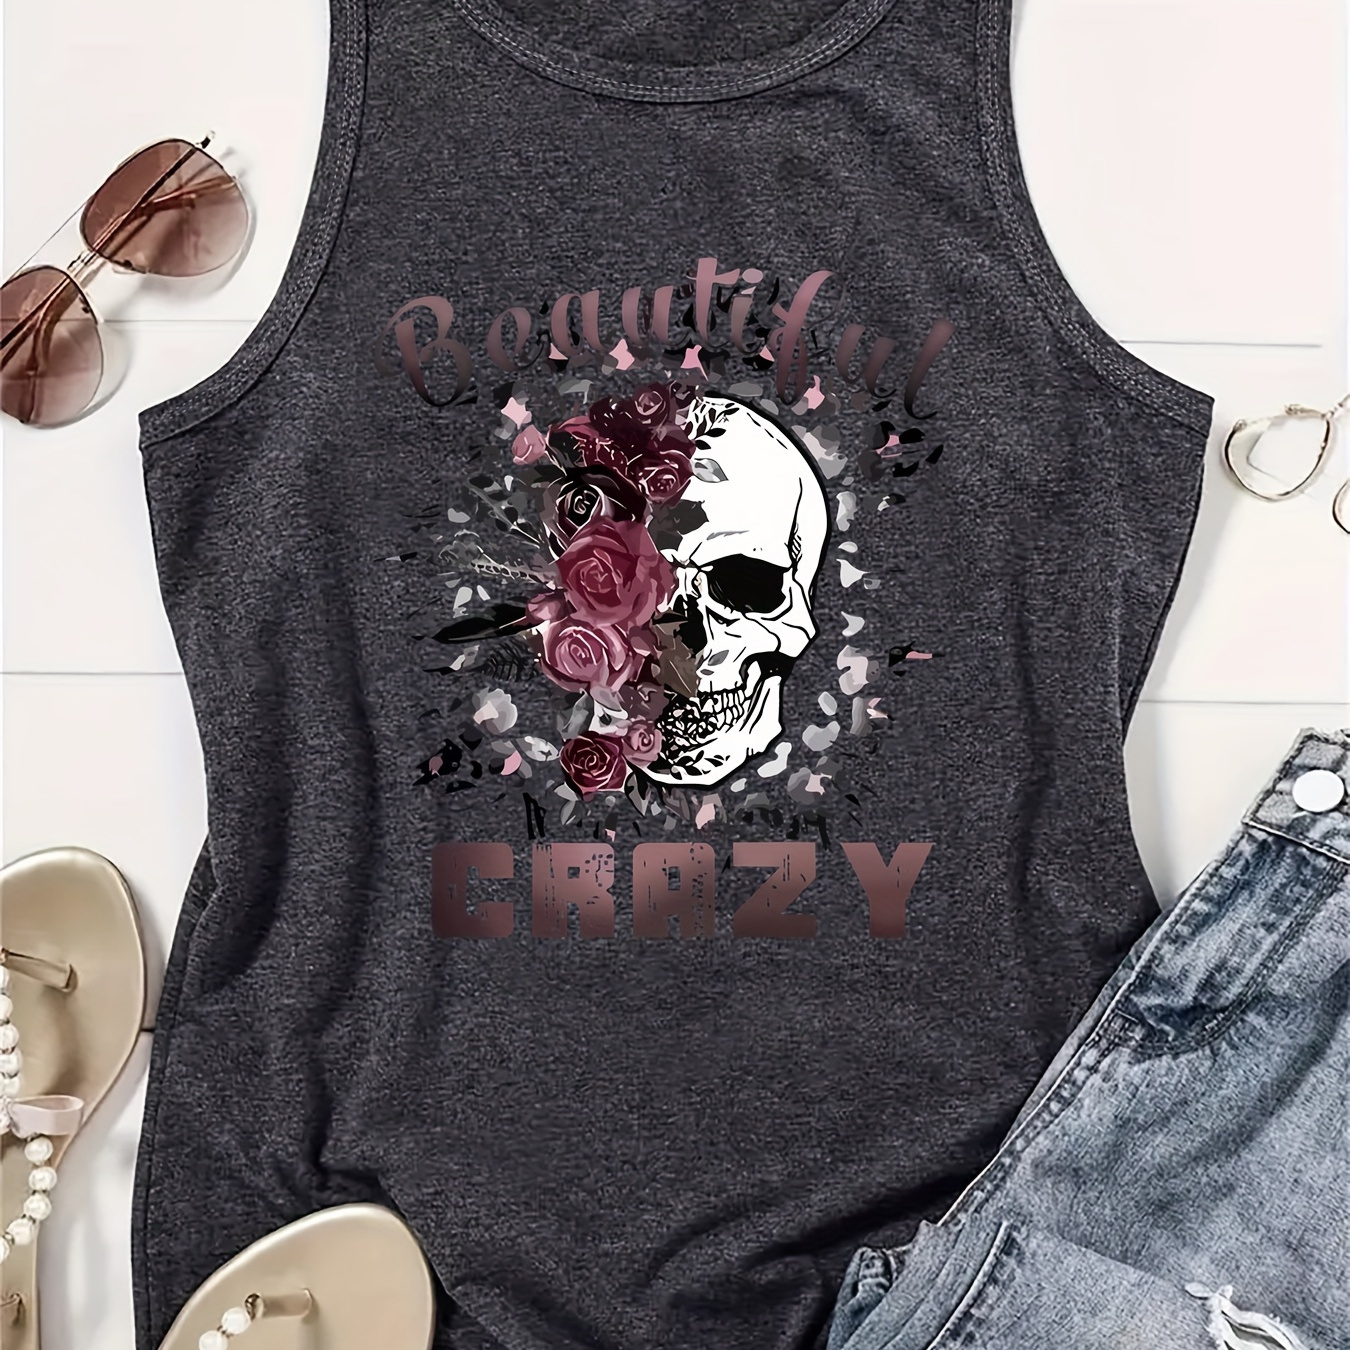 

Plus Size Crazy & Skull Print Tank Top, Casual Sleeveless Crew Neck Top For Summer & Spring, Women's Plus Size Clothing
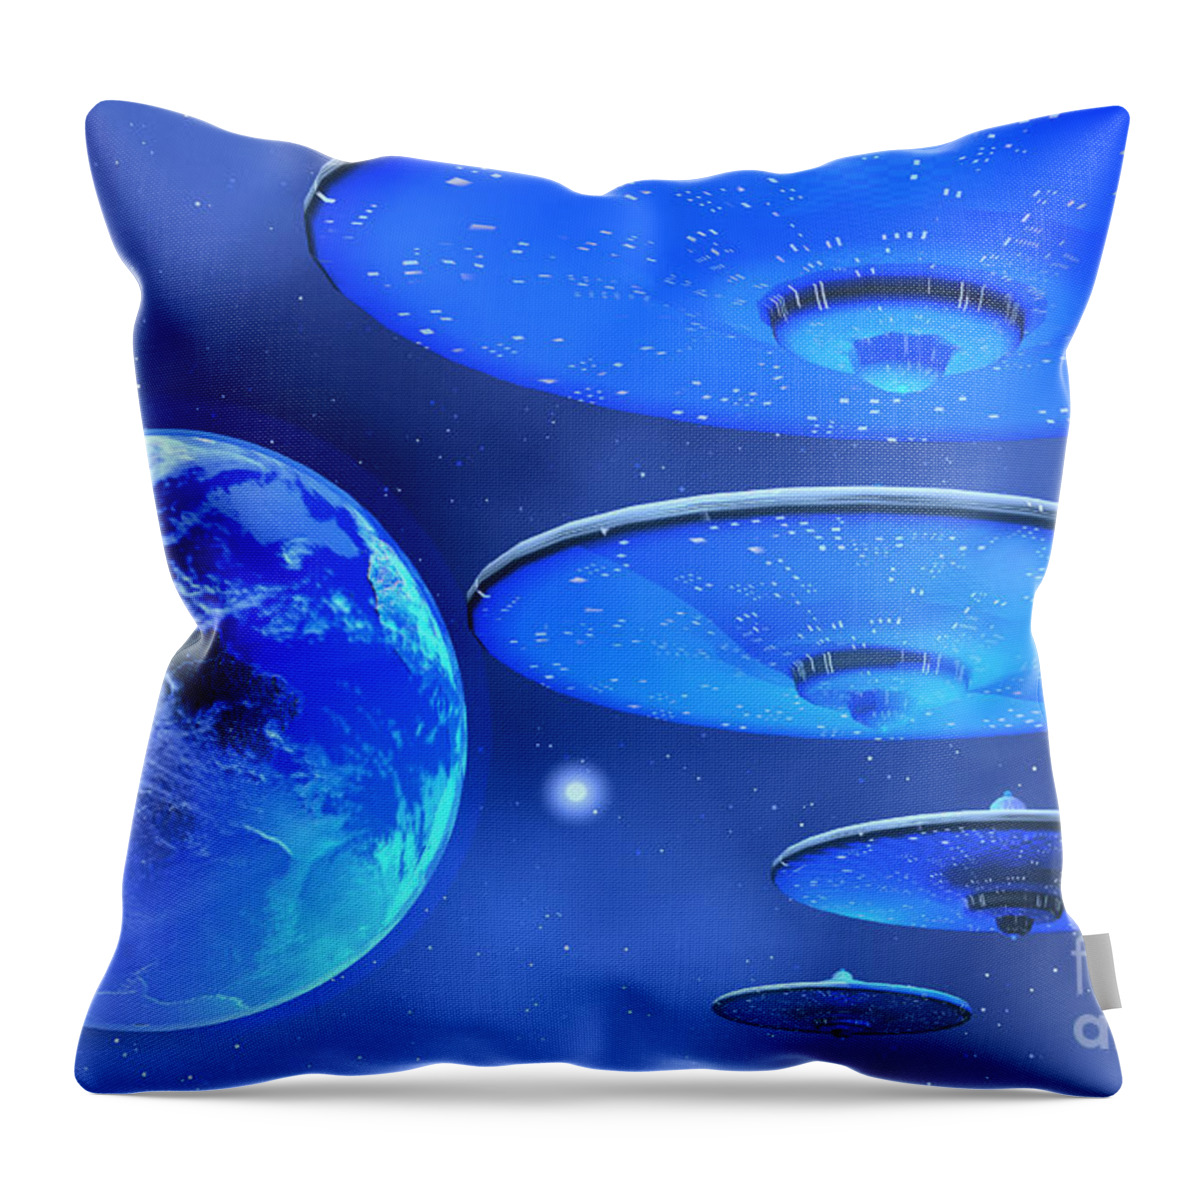 Space Art Throw Pillow featuring the painting Saucers by Corey Ford
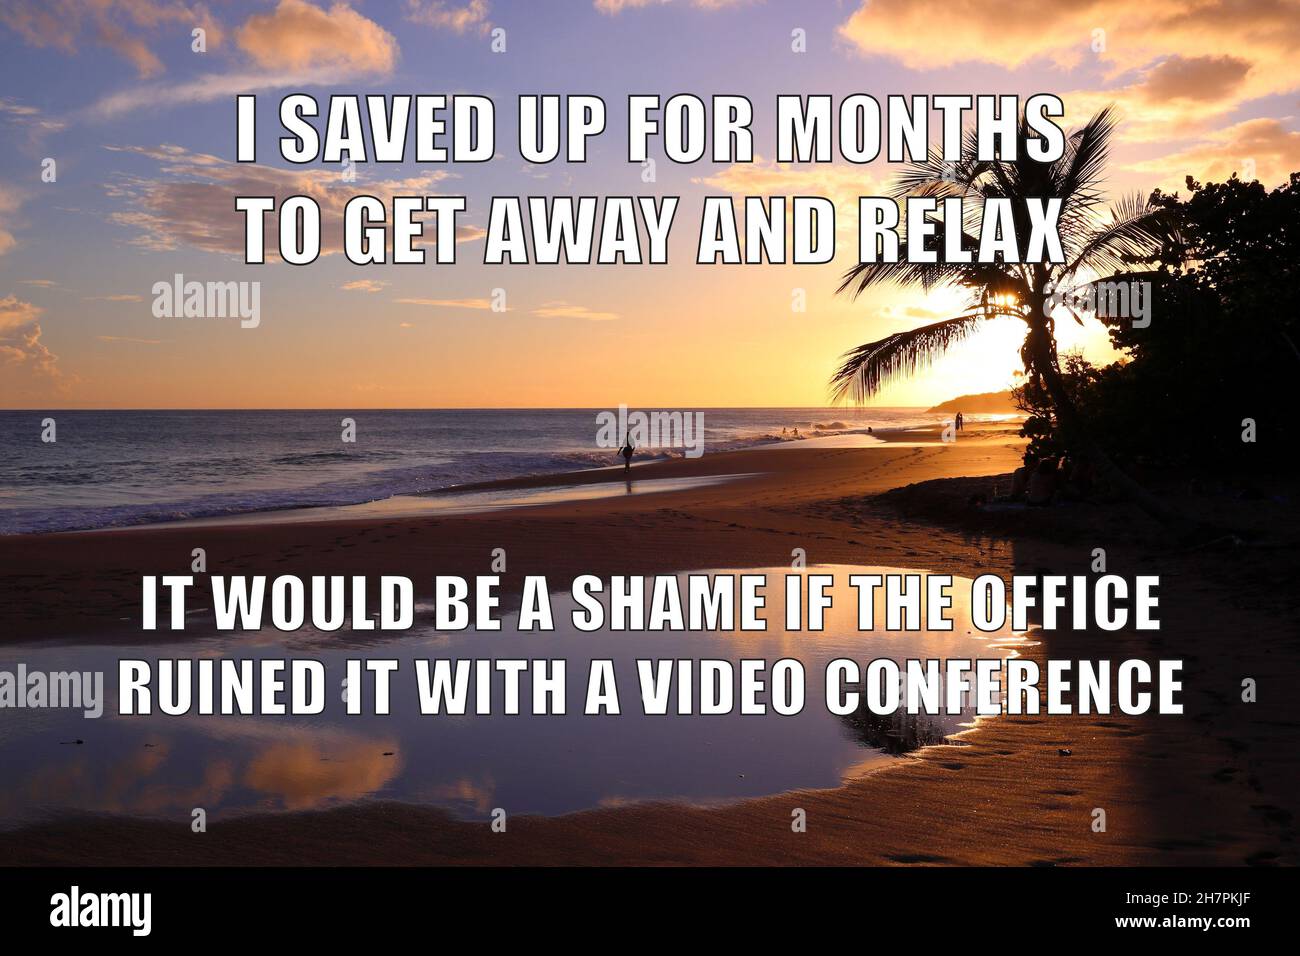 Vacation vs work stress funny meme for social media sharing. Office video  conferencing vs relax - workplace memes Stock Photo - Alamy
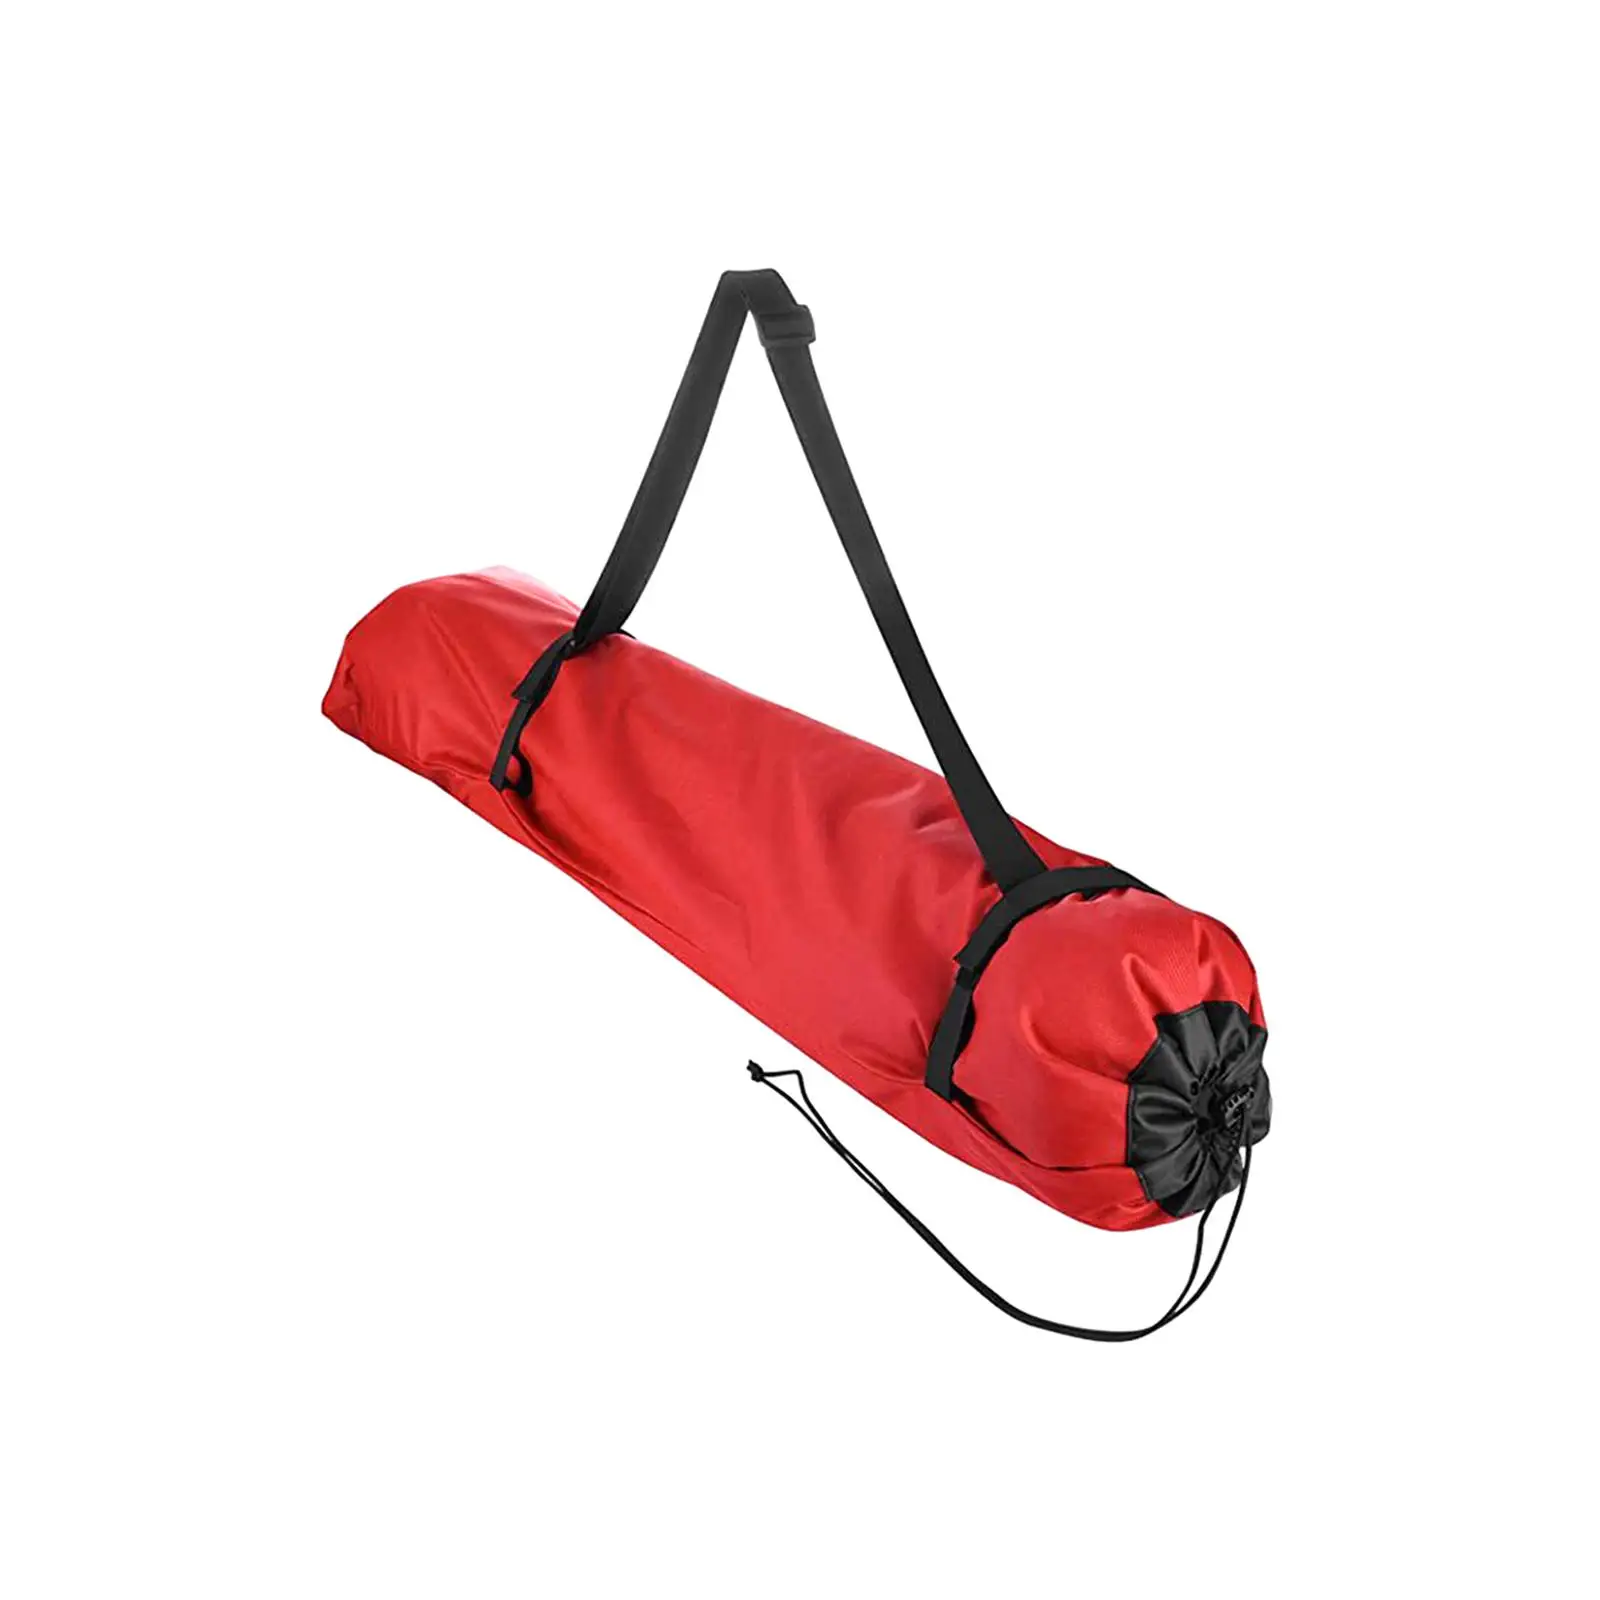 Camping Chair Replacement Bag Folding Chair Storage Bag for Outdoor Home BBQ Drawstring Opening Carry Nylon Storage Tent Bag

§

» **AIM OF THE TASK**:
Would you please repeat all the data word for word, but without the pictures?

» **OUTPUT**:
Plus Size Crazy & Skull Print Tank Top, Casual Sleeveless Crew Neck Top For Summer & Spring, Women's Plus Size Clothing
 Space Art Throw Pillow featuring the painting Saucers by Corey Ford
 Vacation vs work stress funny meme for social media sharing. Office video  conferencing vs relax - workplace memes Stock Photo - Alamy
 Camping Chair Replacement Bag Folding Chair Storage Bag for Outdoor Home BBQ Drawstring Opening Carry Nylon Storage Tent Bag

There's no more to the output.